In no-fault divorce, when the parties have lived "separate and apart" for at least two continuous years and claim that "irreconcilable differences have caused the irretrievable breakdown of the marriage," the petitioner does not have to allege that his spouse is at fault. The court may waive the two-year separation requirement if, after a six-month separation, the parties sign sworn affidavits confirming their irreconcilable differences.
A divorce begins with the filing of a divorce petition prepared by an attorney or online legal document provider. The petition must include the two parties' names, age, occupation and residency, date and place of marriage, whether a divorce is pending in another state, grounds for the divorce, names, ages and residency of minor children, whether the wife is pregnant, proposed custody, child support and spousal support and any other relief sought. The petitioner must serve the respondent with a copy of all filed documents. The petitioner generally must get personal service through the sheriff or a process server. The respondent has 30 days to respond. Failure to respond may result in the court entering orders by default.
The law governs disposition of property and defines what is marital and non-marital property. Marital property typically includes all property acquired by the husband and wife during the marriage. Non-marital property includes property that belonged to either the husband or wife before the marriage or acquired during the marriage by gift or inheritance. Illinois uses the concept of equitable division. Unless the parties agree on dividing their property, the court will distribute the property in percentages the court thinks are fair to both parties.
Child and Spousal Support
Illinois has traditionally used a flat percentage of the noncustodial parent's income to determine child support. For example, for three children, the court would order the noncustodial parent to pay 32 percent of her income as child support. Spousal support is not a fixed percentage. The court weighs several factors when determining spousal support, including length of the marriage, standard of living during the marriage, tax consequences and spouses' earning capacity. Marital misconduct is not a consideration in calculating spousal support.

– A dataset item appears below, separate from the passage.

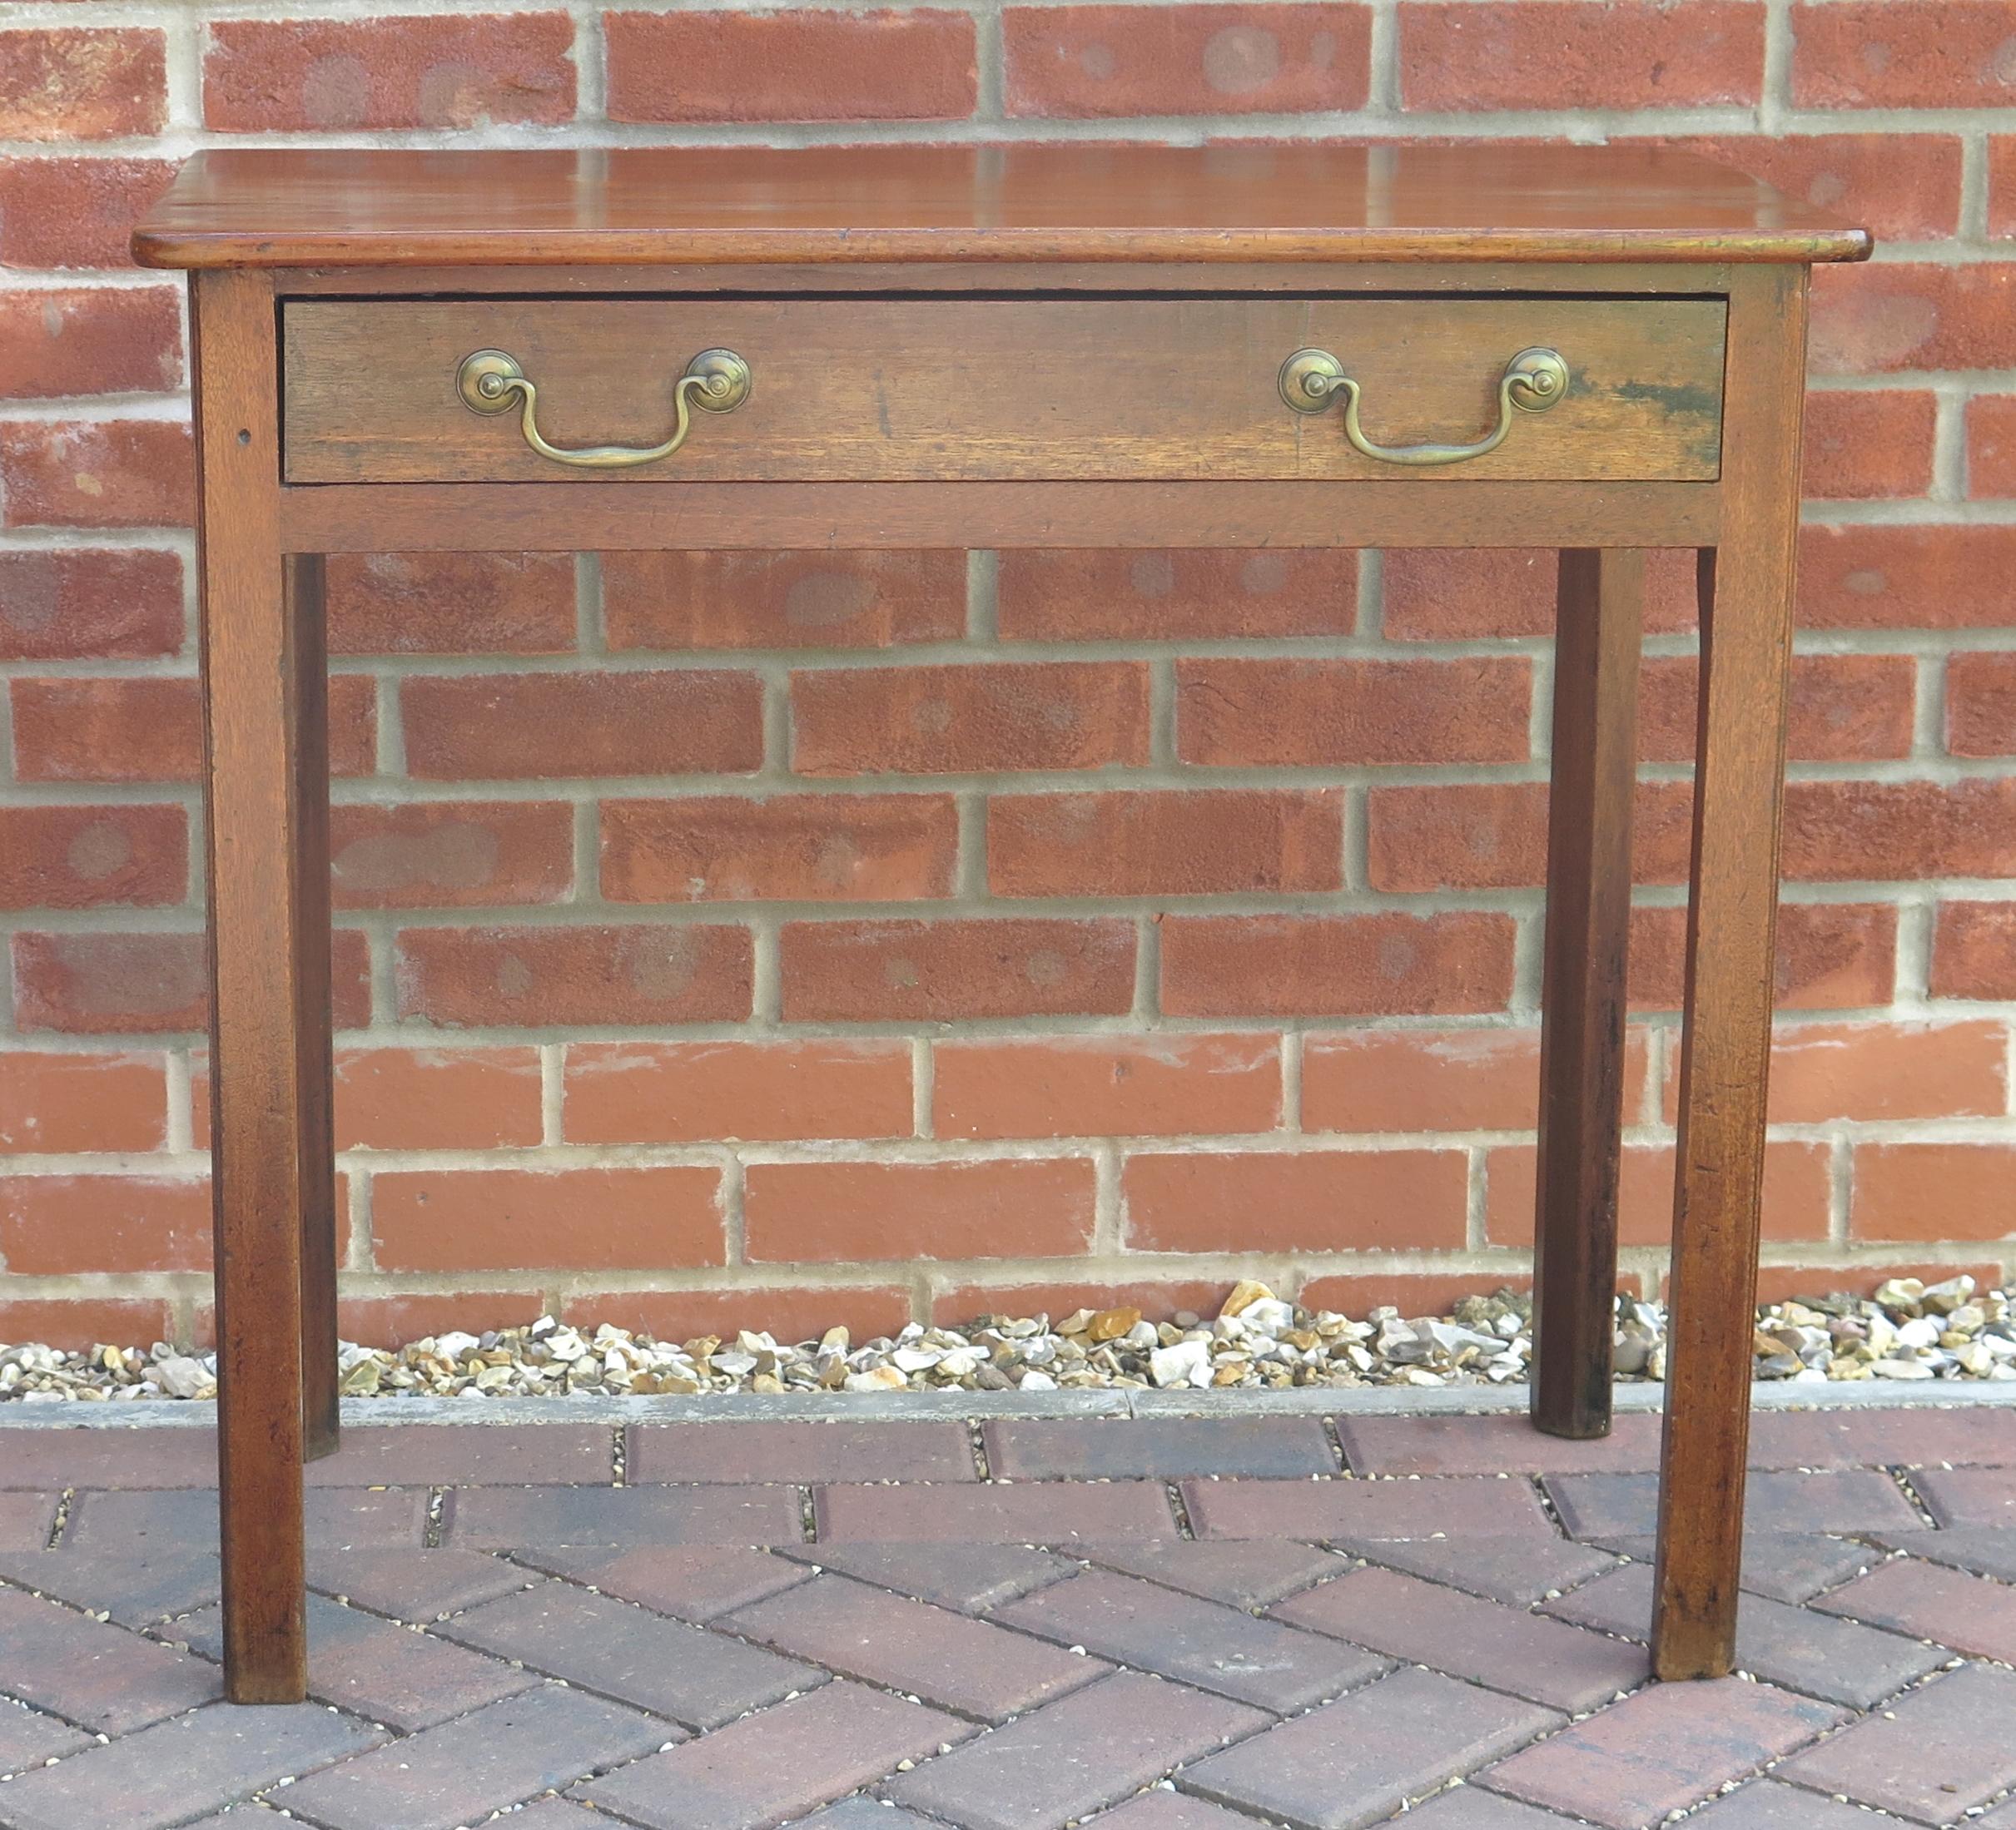 This is a well made solid hardwood ( probably fruitwood) side table with one single drawer, dating to the English George III period of the mid 18th century, circa 1760.

This is a well proportioned Georgian piece of English furniture with great

Child Custody and Visitation
The court will award joint or sole custody based on the best interests of the child. Illinois courts prefer joint custody unless specific facts show sole custody is in the best interest of the child. The court may also order parents to attend seminars on the effects of divorce on children during the divorce process. A visitation, or parenting time, arrangement may be established by parental agreement or court-ordered. The court encourages the parties to be flexible and allow both parents ample time with the children.
References & Resources
- Illinois Compiled Statutes: Illinois Marriage and Dissolution of Marriage Act
- Legal Information Institute: Clear and Convincing Evidence
- Law Firm of Kulerski and Cornelison: What Is Marital Vs. Non-Marital Property?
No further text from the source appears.